___ Material for the task

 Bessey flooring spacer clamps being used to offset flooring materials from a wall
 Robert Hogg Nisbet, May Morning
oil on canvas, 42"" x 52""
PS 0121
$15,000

______

Return every record above exactly as written.

**Written answer:**
 Bessey flooring spacer clamps being used to offset flooring materials from a wall
 Robert Hogg Nisbet, May Morning
oil on canvas, 42"" x 52""
PS 0121
$15,000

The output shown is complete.